The way we buy cars offers a great example of what I call “binge/purge” money management.
For the auto industry, 2018 was a solid year. Some 17.3 million vehicles were sold (the fourth straight year with more than 17 million vehicles sold), with SUVs and trucks leading the way. Auto industry writers, such as Jason Unrau, attribute the strong sales, in large part, to low gas prices. “At the pumps, if the average price of gasoline in America remains under the $3 mark, you can expect larger vehicles to fly off the lot.”
It happens all the time. Outside circumstances change, and our behavior follows.

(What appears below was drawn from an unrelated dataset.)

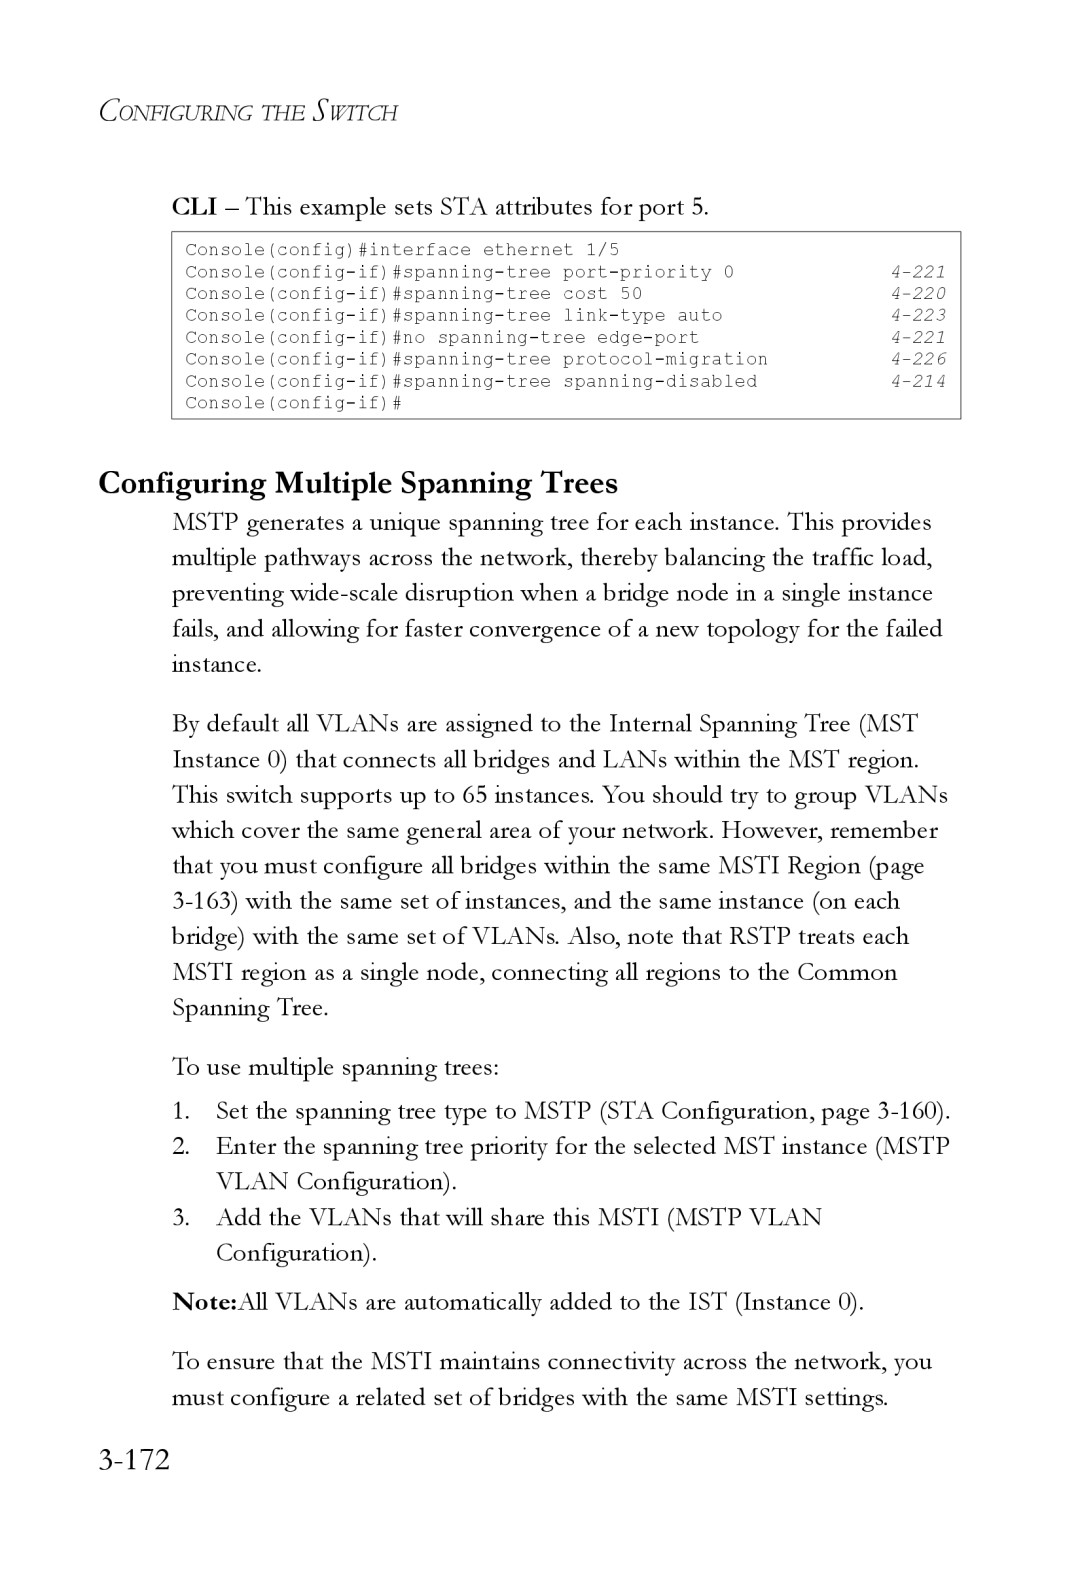 SMC Networks SMC6824M manual Configuring Multiple Spanning Trees, 172, CLI This example sets STA attributes for port

A common mistake with investing
Binge/purge is standard operating procedure for many investors as well. It can be seen in annual surveys in which investors underperform the funds they invest in. For example, a Morningstar study found that in a 10-year period through the end of 2016, the average investor in diversified equity mutual funds underperformed the average diversified equity fund.
How can that happen? When the market falls, fear prompts a run for the exits. Once they’ve gotten out, binge/purge investors often find it much more difficult to get back in, and usually do so only after the market has exceeded its previous high.
A better way
One of my favorite investment writers is Jason Zweig, who writes the Intelligent Investor column in the Wall Street Journal. After hundreds of columns in which he closely studied the market, one principle stood out.

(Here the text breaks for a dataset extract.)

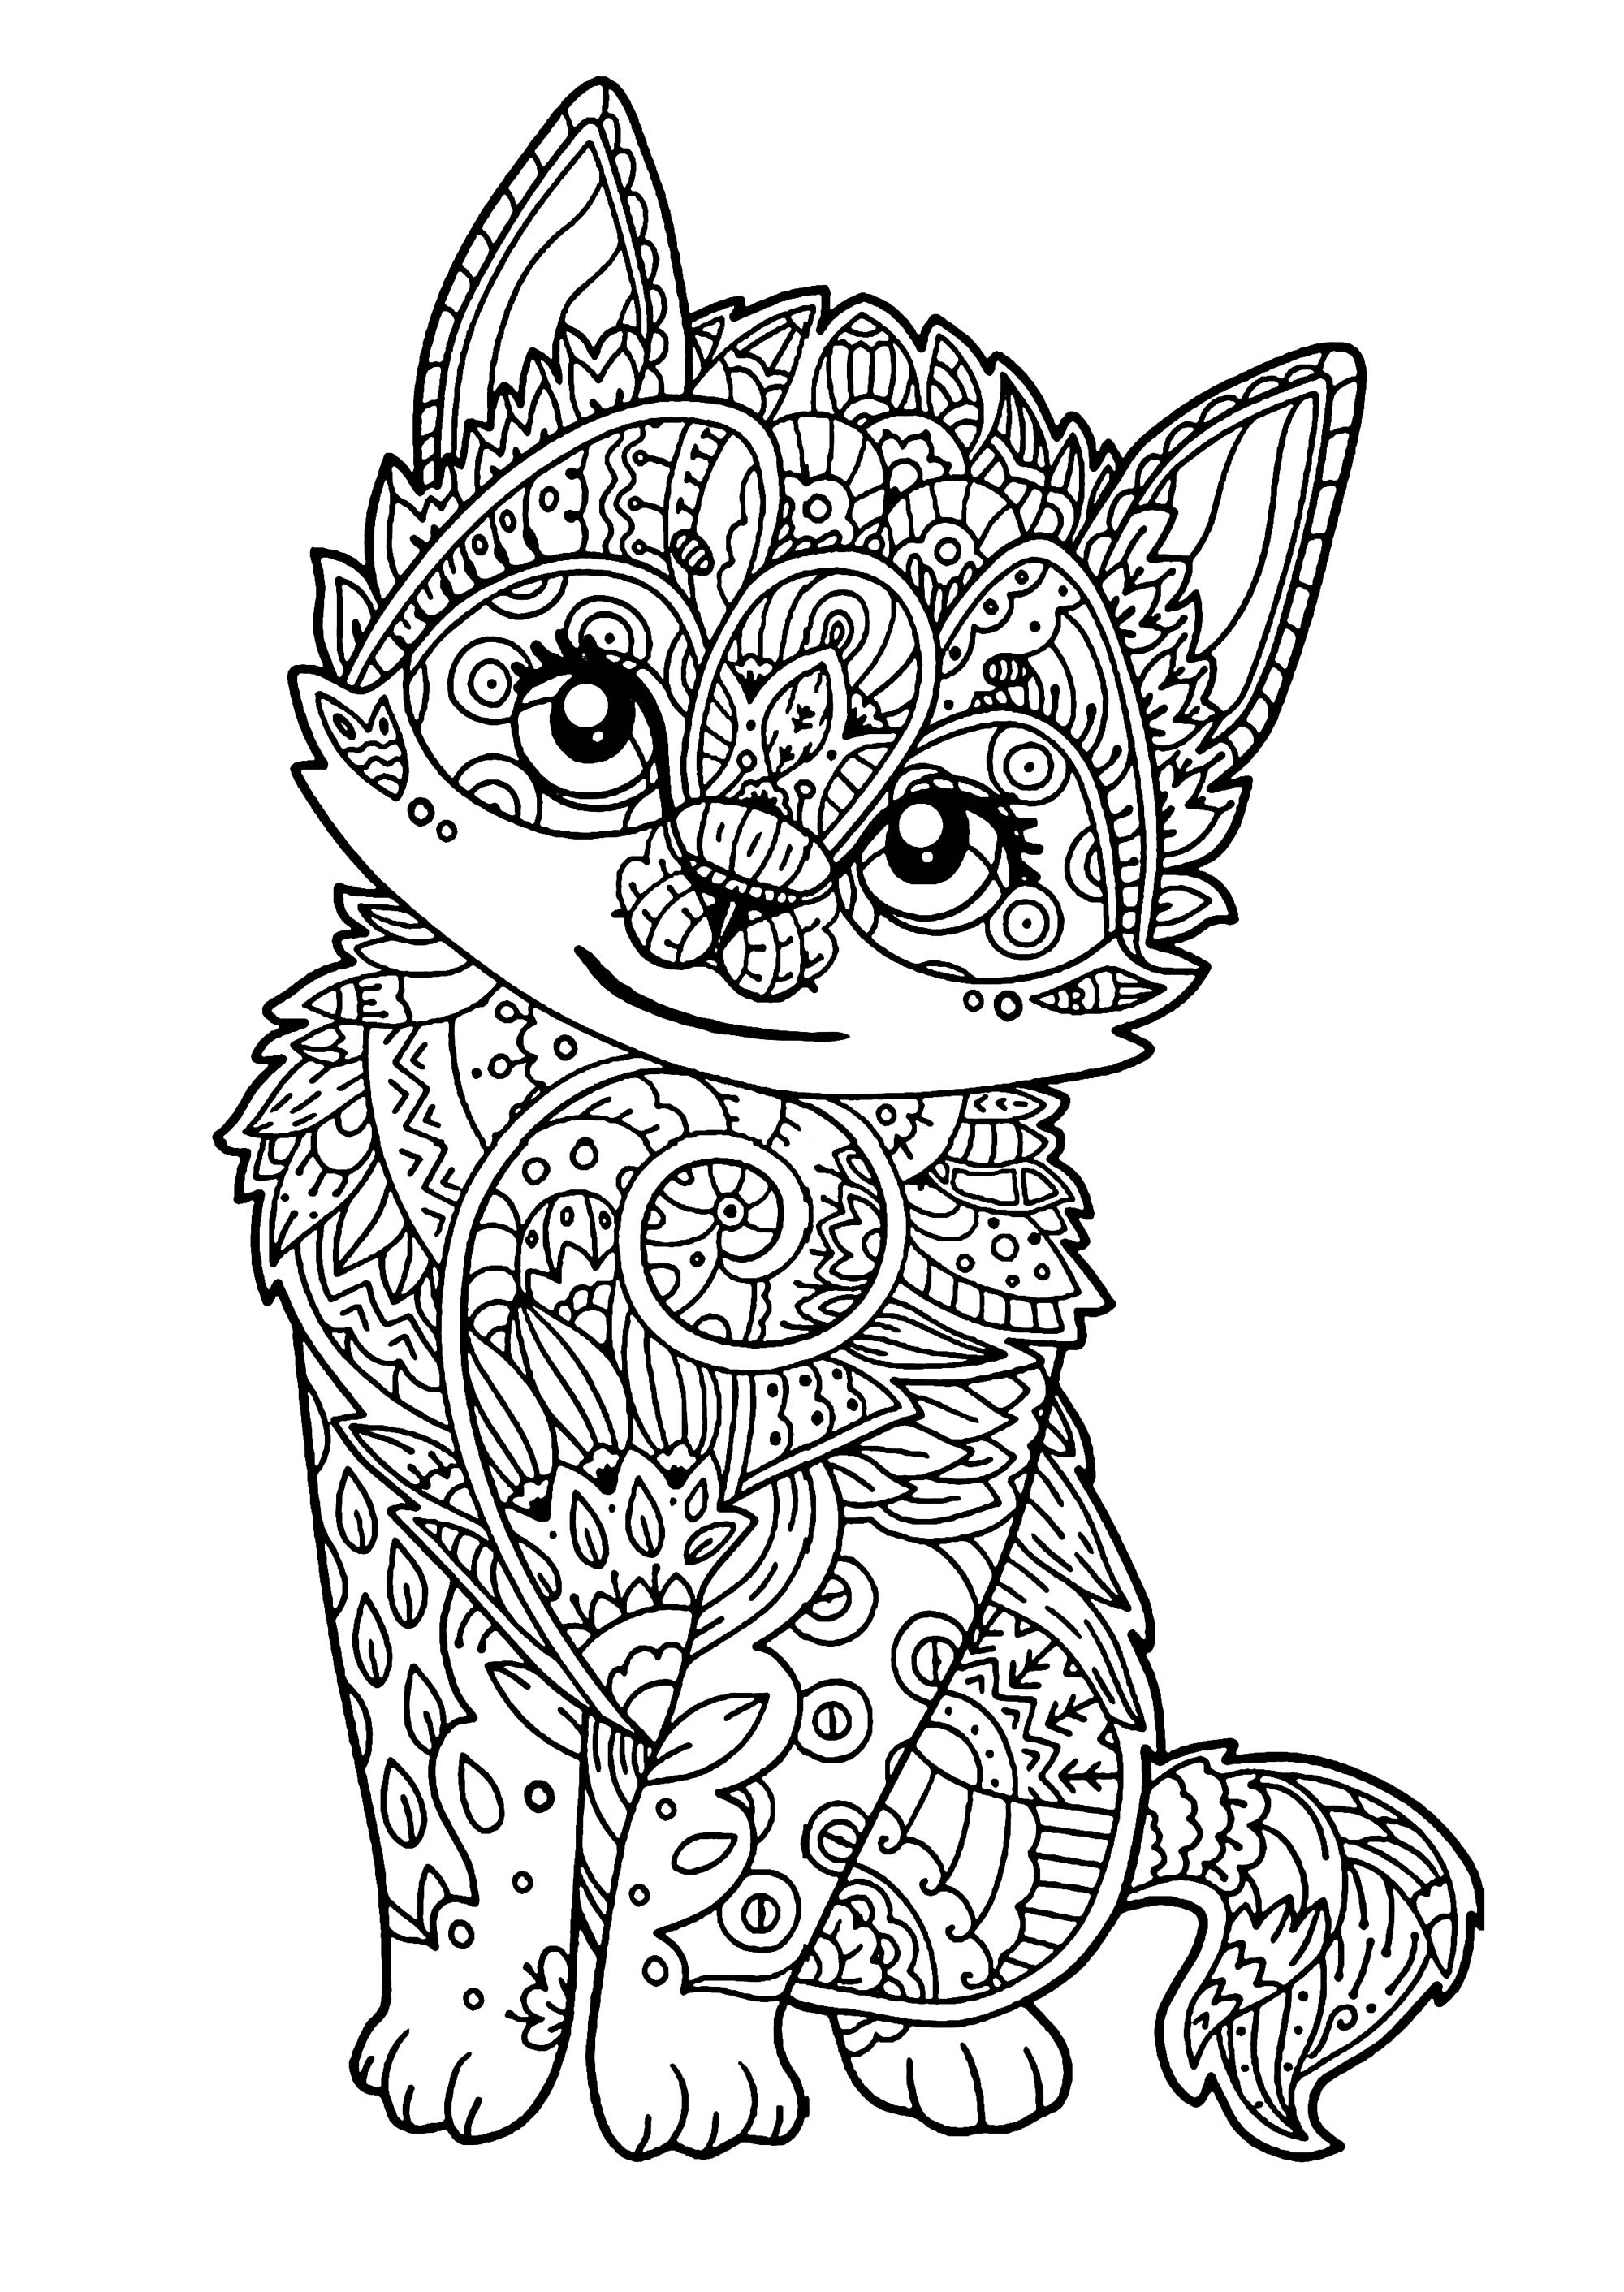 Download Cat for kids : Little kitten - Cats Kids Coloring Pages

“From financial history and from my own experience,” Zweig wrote, “I long ago concluded that regression to the mean is the most powerful law in financial physics: Periods of above-average performance are inevitably followed by below-average returns, and bad times inevitably set the stage for surprisingly good performance.”
In other words, bull markets are followed by bear markets, which are followed by bull markets, and on and on. Investing is best done from the perspective of a long-term investor, not a short-term trader. Recognize that something you can control, time in the market, is far more important to your success than the impossible-to-achieve goal of perfect market timing. Find an investment strategy you can stay with in good times and in bad, and then, in fact, stay with it.

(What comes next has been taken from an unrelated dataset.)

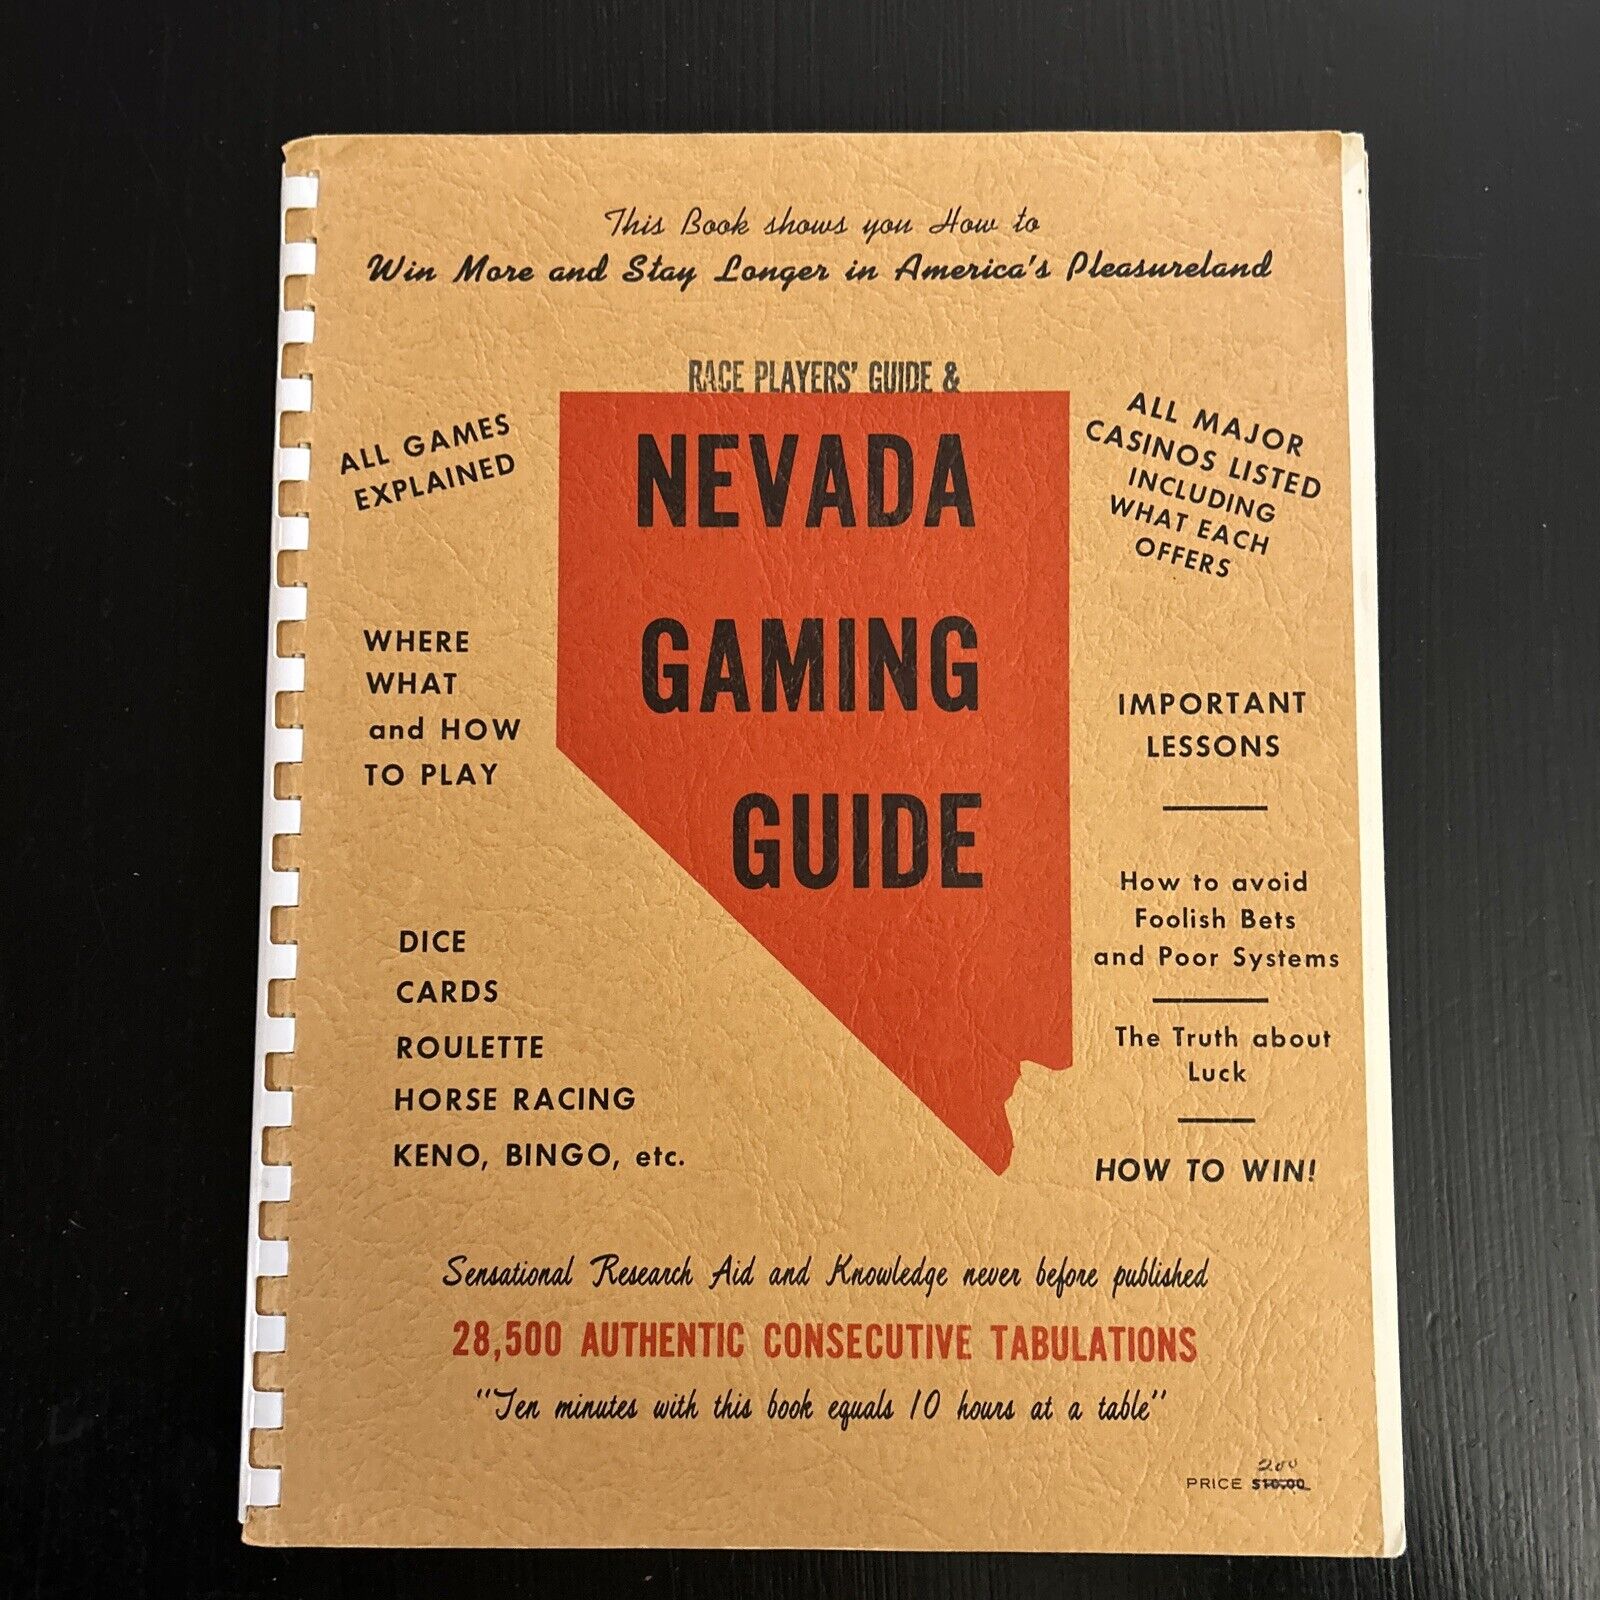 Rare 1965 Nevada Gaming Guide & Race Players’ Guide By Louis G Holloway

The same principle can be seen with many financial decisions, such as buying a car. Just like the stock market, gas prices are cyclical. Low prices are followed by high prices, which are followed by low prices, and on and on. Vehicles are best bought with cash and kept for a long time—long enough to drive them through several cycles of changing oil prices. Buy vehicles you can afford to drive no matter how much gas costs. How will that SUV you’re thinking of buying impact your household budget if when gas goes to $4 per gallon?
No more financial binging and purging
Recognizing the cyclical nature of the economy is one thing. Resisting the temptation to be swayed by especially good or bad times is more difficult. As Zweig cautioned, “…humans perceive reality in short bursts and streaks, making a long-term perspective almost impossible to sustain…”
Developing that long-term perspective is an important part of what it means to be proactive with money instead of reactive, an initiator instead of a responder, a steward or manager—or, as I prefer, a wise builder—instead of a consumer.
Winning with money is about making financial decisions that work well under today’s circumstances, and would still hold up under very different circumstances.
Are you considering a significant financial decision right now? How will you feel about it when circumstances change, for better or for worse? How much would today’s circumstances have to change in order for you to regret the decision you’re contemplating?
What’s an example of a financial decision you’ve made that has held up well under different economic conditions, or one that didn’t hold up so well?